Bild: Ein Bild aus längst vergangenen Zeiten. Werbung für die Firma PROVODNIK, die im Stadtteil Sarkandaugava in Rīga bis vor den Ersten Weltkrieg Gummierzeugnisse produzierte. OLYMPUS OM-D E-M5 und M.ZUIKO DIGITAL ED 12 - 40 mm 1:2.8 PRO. ISO 200 ¦ f/7.1 ¦ 12 mm ¦ 1/400 s ¦ kein Blitz. Klicken Sie auf das Bild um es zu vergrößern.

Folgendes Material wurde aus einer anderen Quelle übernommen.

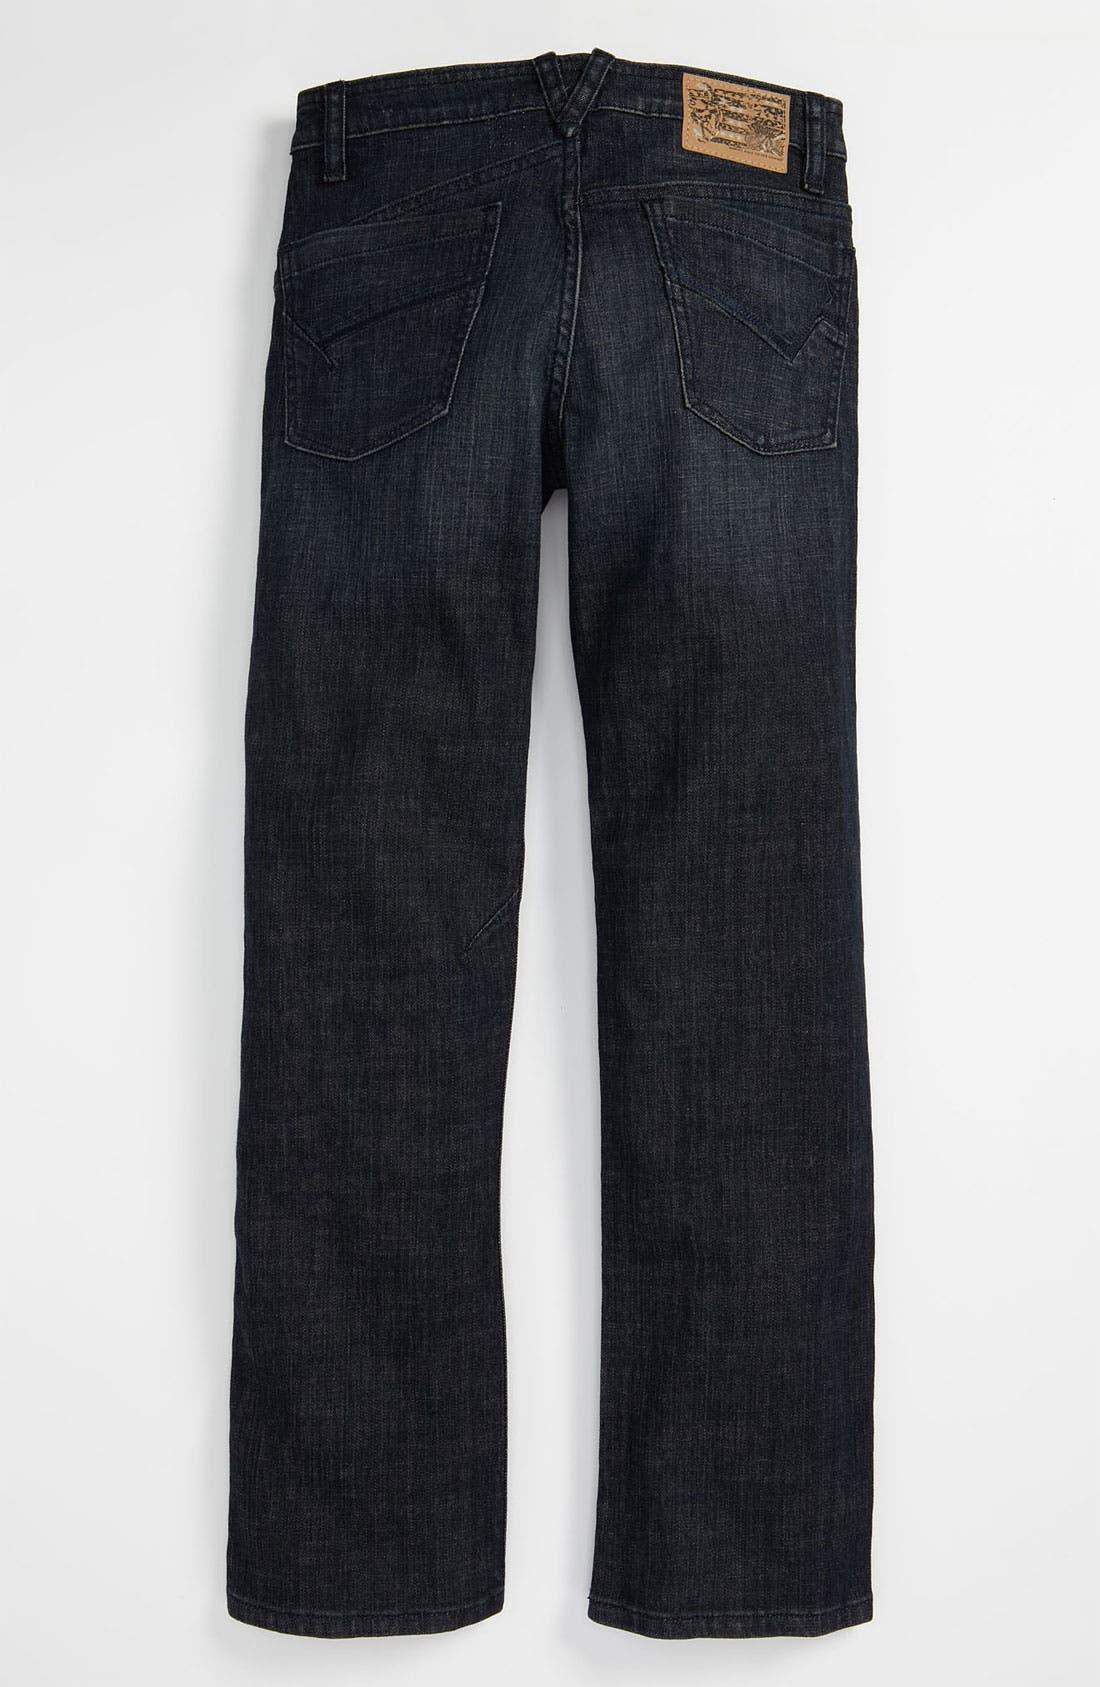 Alternate Image 1 Selected - Volcom 'Enowen' Straight Leg Jeans (Big Boys)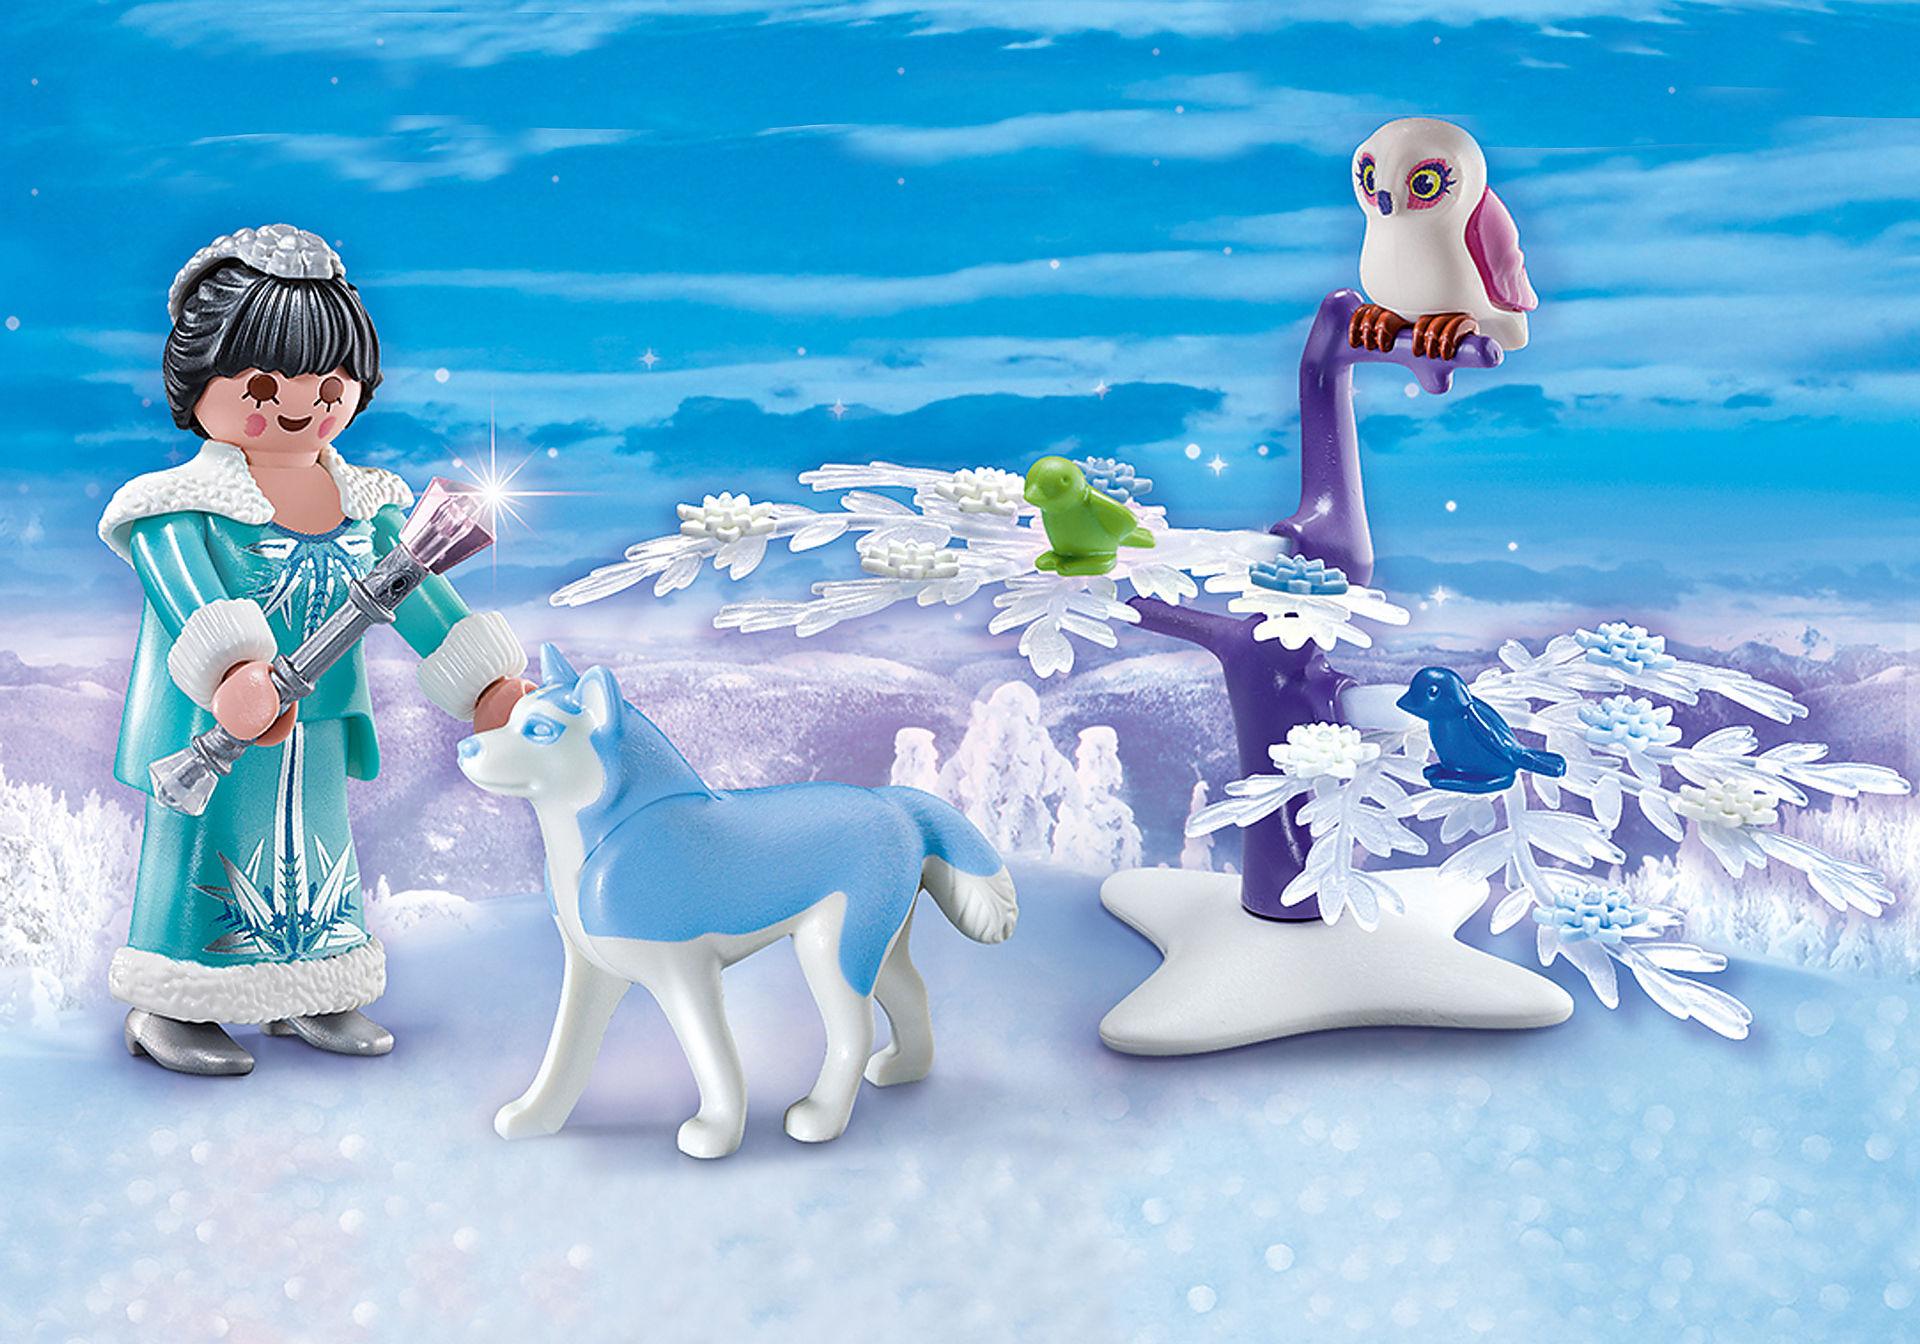 70311 Ice Princess Carry Case zoom image1

Sarkandaugava ist bis heute in durch die Industrie geprägt und es ist ein Stadtteil von Rīga, den Pauschaltouristen niemals zu Gesicht bekommen werden. Genau deshalb finde ich ihn so interessant. Der Stadtteil liegt am rechten Ufer des Flusses Daugava im Norden von Rīga. Sarkandaugava ist mit knapp 20.000 Einwohnern dicht besiedelt. Die Architektur ist im wesentlichen durch Bauten aus dem frühen 20. Jahrhundert und Wohnblöcke aus der Sowjetära geprägt. In Sarkandaugava steht an der Tvaika iela – der Dampfstraße – eine der längsten Werkhallen der Welt. Sie wurde Ende des 19. Jahrhunderts für die Firma PROVODNIK gebaut und gehört heute zum Elektromaschinenbauer RER.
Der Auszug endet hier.